The SARSA algorithm is described by Sutton and Barto as follows:

- Initialize Q(s, a) arbitrarily
- Repeat (for each episode):
- Initialize s
- Choose a from s using policy derived from Q (e.g., ε-greedy)
- Repeat (for each step of episode):
- Take action a, observe r, s'
- Choose a' from s' using policy derived from Q (e.g., ε-greedy)
- Q(s, a) ← Q(s, a) + α [ r + γ Q(s', a') - Q(s, a) ]
- s ← s'; a ← a';
- until s is terminal

where s, s' are the current and next states (in our case, (t, d) pairs), a, a' are the current and next actions, Q(s, a) is the current estimate of all expected future rewards for the episode. In our case, an episode is the successful generation of a satisficing maze. Constant α is the learning rate, which we will set to .1. The learning rate affects how quickly Q will change value, and how volatile the estimate will be when experience is varied. Constant γ is the discount rate, which we will set to 1. When γ is less than 1, we discount expected future rewards in comparison to immediate rewards. The SARSA algorithm derives its name from the use of these variables: s, a, r, s', a'.
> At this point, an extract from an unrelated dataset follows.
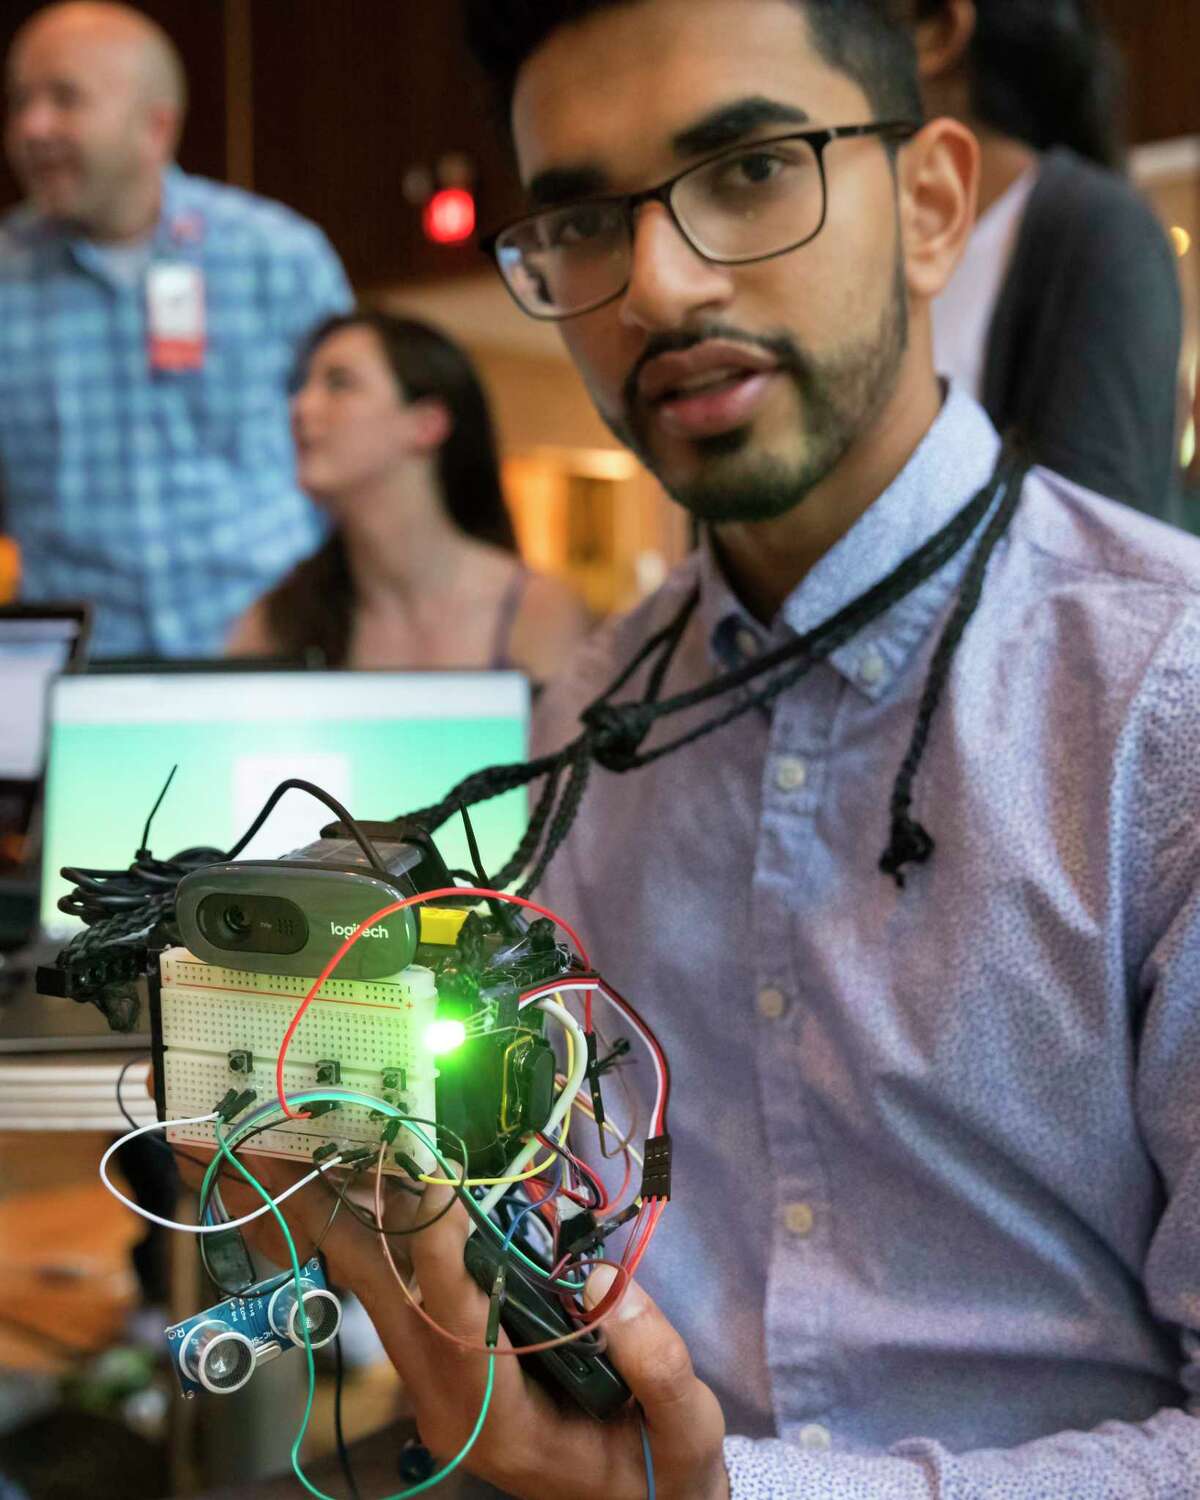 Harsh Patel holds the Memoreyes facial recognition device during HackRice, Rice University's annual hackathron event sponsored by the university's Computer Science Club.

Execute SARSA learning for 2000 episodes. (Use fewer episodes for
testing.) Print out the table of Q
value estimates and how many updates occurred for each state.
Finally evaluate the policy by comparing the number of hill descent iterations
needed to generate 100 satisficing puzzles for a *greedy *policy (i.e.
ε = 0), and policies that only restart at t = 1, 2,
3, 4, 5.

Possible background readings include:

- Sutton and Barto, Reinforcement Learning: an introduction, Chapter 6 (Temporal-Difference Learning), esp. through 6.4 (Sarsa: On-Policy TD Control)
- Russell and Norvig. Artificial Intelligence: A Modern Approach, 3rd edition, Chapter 21 through section 21.3 (Active Reinforcement Learning).
- Wikipedia article on "SARSA"

**Sample Transcript:**

Policy ([R]estart/[G]o) 17 16 15 14 13 12 0 Restart Restart Restart Go Restart Go 1 Go Go Go Go Go Go 2 Go Go Restart Restart Restart Go 3 Go Restart Restart Restart Go Go 4 Restart Restart Restart Restart Restart Go Q Visit Counts 17 16 15 14 13 12 0 0 0 0 1 0 124528 1 459 1145 2104 2979 3297 7110 2 1553 2285 2263 1713 874 554 3 1721 1551 949 590 241 85 4 2099 1074 656 406 139 37 Restart Q Values 17 16 15 14 13 12 0 0.00 0.00 0.00 -0.50 0.00 -15.55 1 -10.34 -13.63 -14.74 -15.35 -15.38 -15.35 2 -14.21 -14.99 -15.14 -15.11 -15.04 -13.88 3 -14.97 -15.05 -15.11 -14.79 -13.19 -8.20 4 -15.08 -15.04 -15.02 -14.67 -11.62 -5.44 Go Q Values 17 16 15 14 13 12 0 0.00 0.00 0.00 0.00 0.00 -15.36 1 -6.75 -10.74 -10.93 -14.28 -15.15 -15.35 2 -9.99 -13.89 -15.43 -15.40 -15.10 -12.70 3 -13.27 -15.47 -15.19 -14.81 -13.11 -7.81 4 -15.43 -15.16 -15.07 -14.70 -11.68 -5.35 Policy comparison (SARSA vs. Hill Descent w/ Random Restarts): Method Puzzles Iters SARSA Fraction SARSA 100 424750 HDwRR-1 100 2841750 0.149468 HDwRR-2 100 640000 0.663672 HDwRR-3 100 444750 0.955031 HDwRR-4 100 483000 0.879400 HDwRR-5 100 386250 1.099676

Questions:

- Your results may vary significantly from the transcript above. What can one do to become more assured that one has successfully learned the optimal policy? What can one do to become more assured of the policy comparison?
- Choose two of the given parameters for this exercise and vary them. Demonstrate whether such variation improves the result, and discuss possible trade-offs.
- We can see from this exercise that hill descent with random restarts after three hill climbing stages (i.e. 3 * 250 = 750 iterations) yields fairly good results. How does this relate to the KISS principle?